1

I noticed that if you allocate a char array inside of a function like this

void example()
{
    char dataBuffer[100] = { 0 };
}

then examine the disassembly of the function with IDA that this actually inserts a call to memset() in order to initialize the char array. Looks something like this after I reversed it

memset(stackPointer + offset + 1, 0, 100);

The raw assembly looks like

addic     r3, r1, 0x220
addic     r3, r3, 1
clrldi    r3, r3, 32
li        r4, 0
li        r5, 0x64
bl        memset

But If I were to change the example() function to

void example()
{
    char dataBuffer[100];
}

Then the call to memset() is not inserted I noticed when examining the disassembly in IDA. So basically my question is, if the char array is not initialized to zero will it still be safe to work with? For example

void example()
{
    char dataBuffer[100];
    strcpy(dataBuffer, "Just some random text");
    strcat(dataBuffer, "blah blah blah example text\0");//null terminator probably not required as strcpy() appends null terminator and strcat() moves the null terminator to end of string. but whatever
}

Should I expect any UB when writing/reading to the char array like this even when it is not initialized to zero with the inserted memset() that comes along with initializing the char array with = { 0 }?

Coder1337
  • 139
  • 3
  • 11
  • 1
    See [Has C++ standard changed with respect to the use of indeterminate values and undefined behavior in C++14?](https://stackoverflow.com/q/23415661/1708801). The contents will be indeterminate, if we produce an indeterminate values (except for unsigned narrow char types) that is UB but writing to them gives them a valid value. – Shafik Yaghmour Mar 15 '18 at 16:11
  • 4
    It is safe to work with, assuming you treat it as being in a garbage state to begin with. If you do unsafe things with it (e.g., treating it as containing valid data), then it is not safe. – Eljay Mar 15 '18 at 16:12
  • 2
    If `memset` can write safely to uninitialized memory, then why should `strcpy` not be able to write safely to uninitialized memory?? – Jabberwocky Mar 15 '18 at 16:15
  • 1
    @MichaelWalz what is done in assembly does not necessarily have the same semantics as they do in C++. The implementation may be using platform specific assumptions that may not be valid in general. So the logic is slightly flawed w/o deeper analysis. It is dangerous to extrapolate from the implementation especially wrt to UB. – Shafik Yaghmour Mar 15 '18 at 16:19
  • 1
    @ShafikYaghmour IMO the question remains the same if all references to assembly code is removed. In any (conforming to standard) C/C++ implementation you _can_ write to uninitialized local variables, otherwise local variables could not be used at all. – Jabberwocky Mar 15 '18 at 16:22
  • 1
    @MichaelWalz the conclusion that it is safe to write to is correct ... the implication that if the implementation does X it should be safe for you to do X is not correct in the "general case". We can not reason about UB based on the implementation since it is not constrained as the user is. – Shafik Yaghmour Mar 15 '18 at 16:24
  • Reading uninitialized variables is Undefined Behaviour. If you do that, the program has no meaning and the compiler is allowed to do whatever it wants (but is not required to warn you). So no. It is *not* safe to read, but it is ok to write. – Jesper Juhl Mar 15 '18 at 16:27

2 Answers2

4

It's perfectly safe to work with it as an array with garbage data. This means writing into it is safe, reading from it is not. You simply just don't know what is in it yet. The function strcpy doesn't read from the array it gets (or more specifically, from the pointer it gets) it just writes onto it. So it's safe.
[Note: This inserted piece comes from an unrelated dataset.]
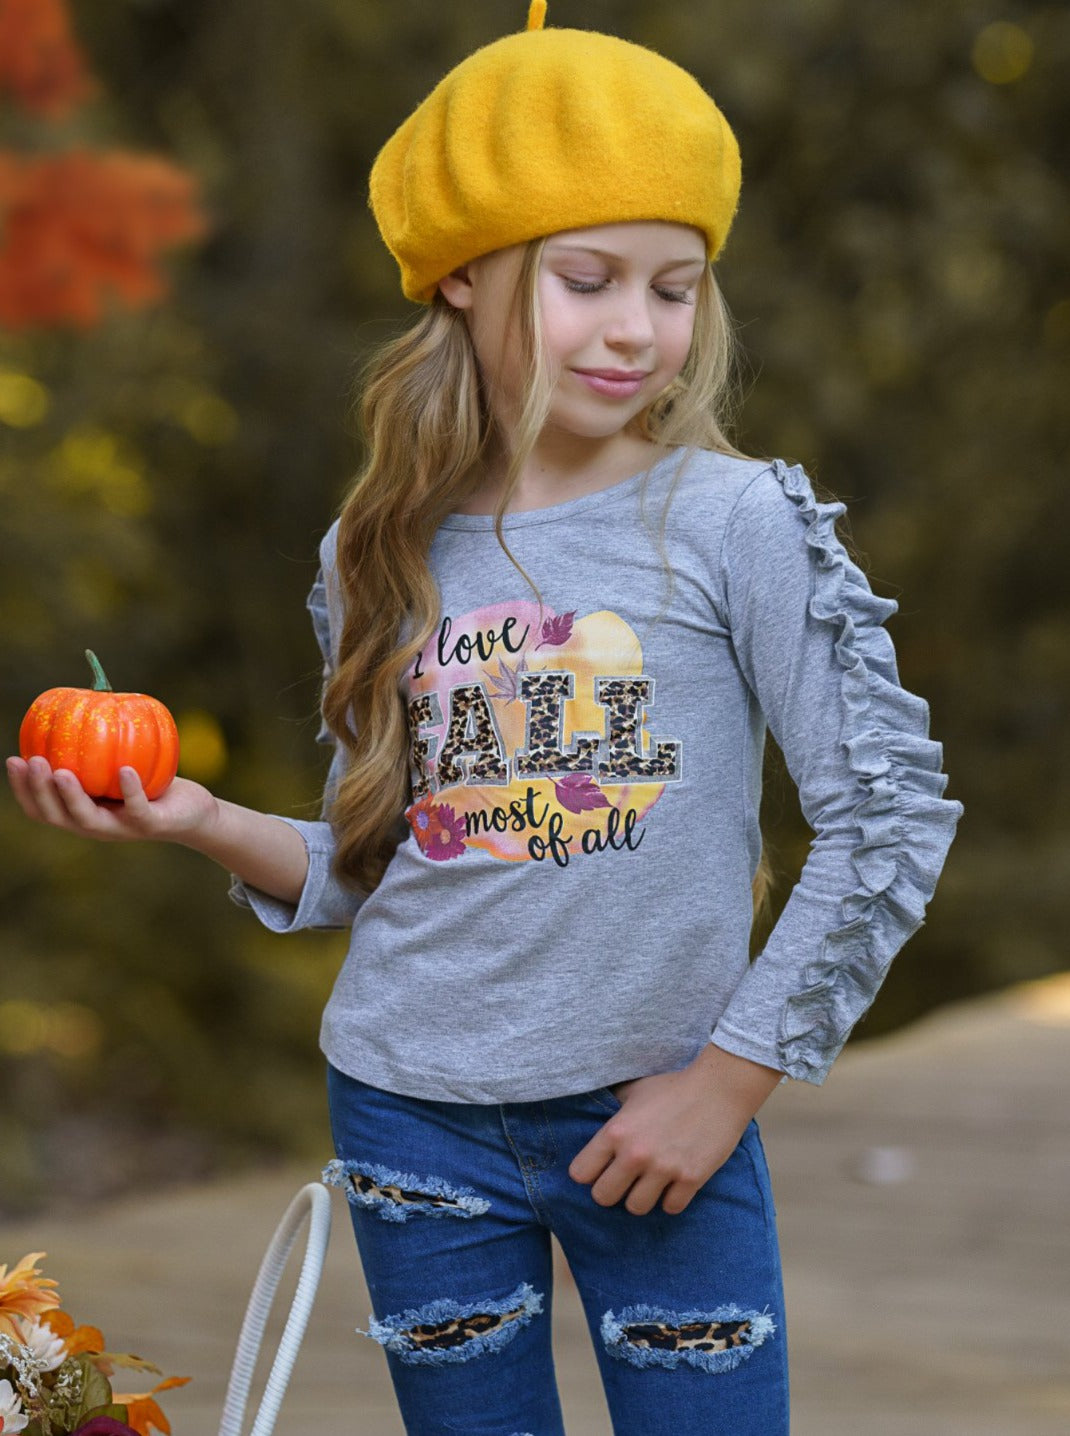 Girls Fall Outfits | Ruffle Top & Patched Jeans Set - Mia Belle Girls

After you are done with writing into your char buffer. When you come to use it, you are going to go through it until you encounter a null (0) character. That null character will be set there when you wrote into it last. After that null character comes garbage if you didn't initialize it, and comes 0's if you did. In both cases, it doesn't matter since you are not going to read past the null character.
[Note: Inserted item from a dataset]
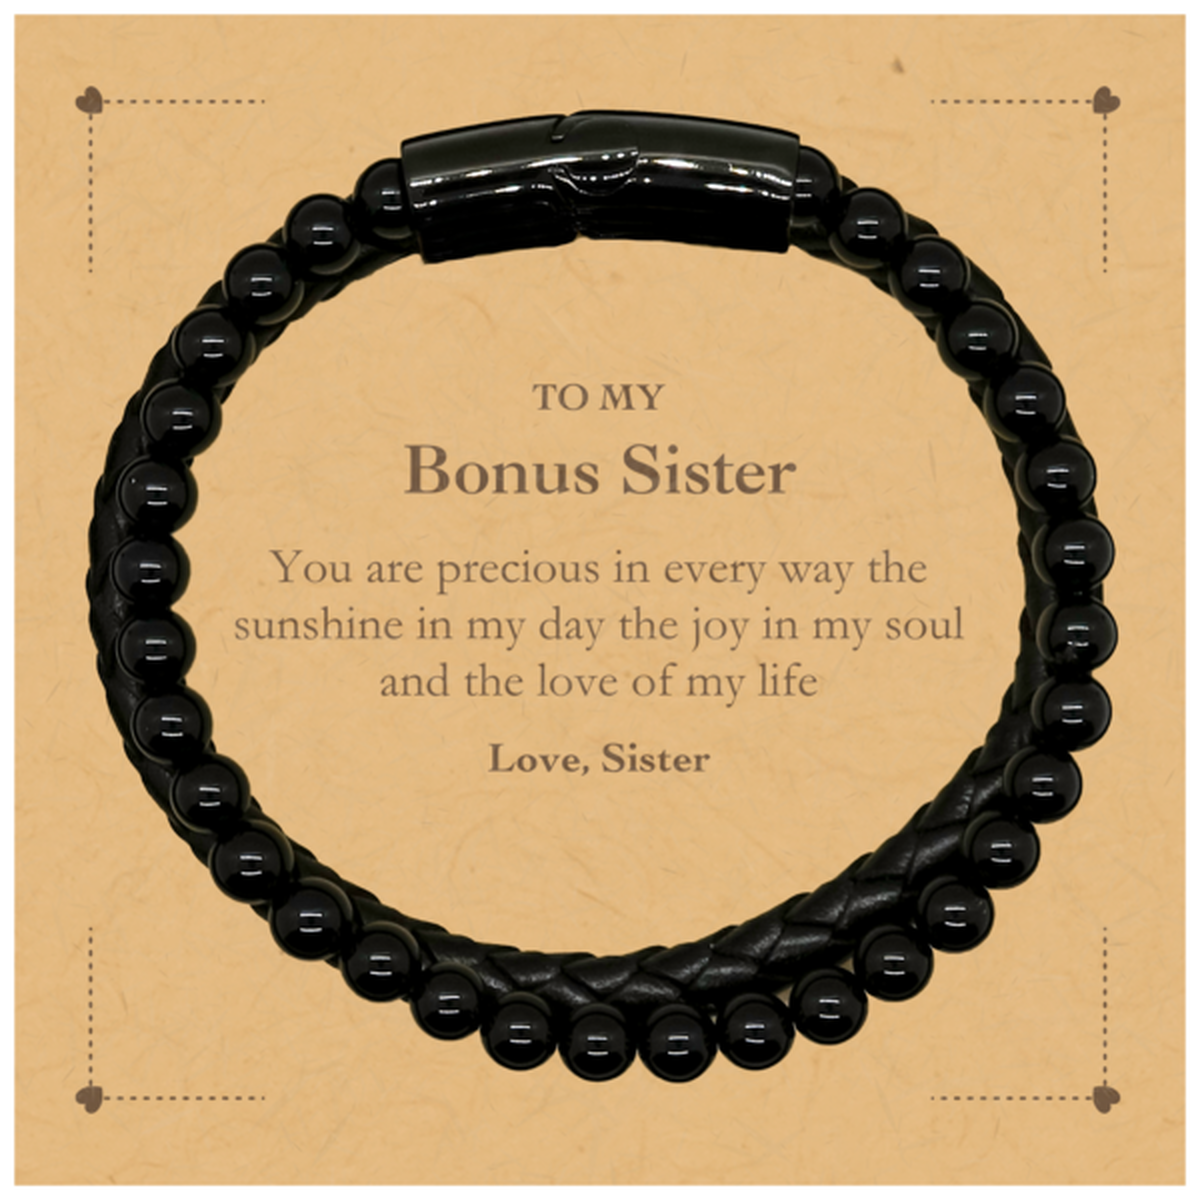 Graduation Gifts for Bonus Sister Stone Leather Bracelets Present from Sister, Christmas Bonus Sister Birthday Gifts Bonus Sister You are precious in every way the sunshine in my day. Love, Sister

See: http://www.cplusplus.com/reference/cstring/strcpy/

it uses a very similar example to the code you provided.

Megadardery
  • 149
  • 7
  • 1) you should mention that reading uninitialized data is Undefined Behaviour. 2) I'd recommend cppreference.com as a superiour reference site than cplusplus.com. – Jesper Juhl Mar 15 '18 at 16:31
3

The line

char dataBuffer[100];

calls the variable dataBuffer into existence, and thus also associates memory with it. However, as an optimization, this memory is not initialized. C is designed not to perform any unnecessary work, and you are working in the C subset of C++ here.

That said, if your compiler can prove that you don't actually use the memory, it does not need to allocate it. But such an optimization would not be detectable from within your running, standard compliant code by definition. Your code will run as if the memory had been allocated. (This as-if rule is the basis for pretty much all optimizations that your compiler is allowed to perform.)

Your strcpy() and strcat() calls are fine, as they do not overrun the allocated buffer. But better forget that strcpy() and strcat() exist, there are better, safer functions to use nowadays.

cmaster - reinstate monica
  • 38,891
  • 9
  • 62
  • 106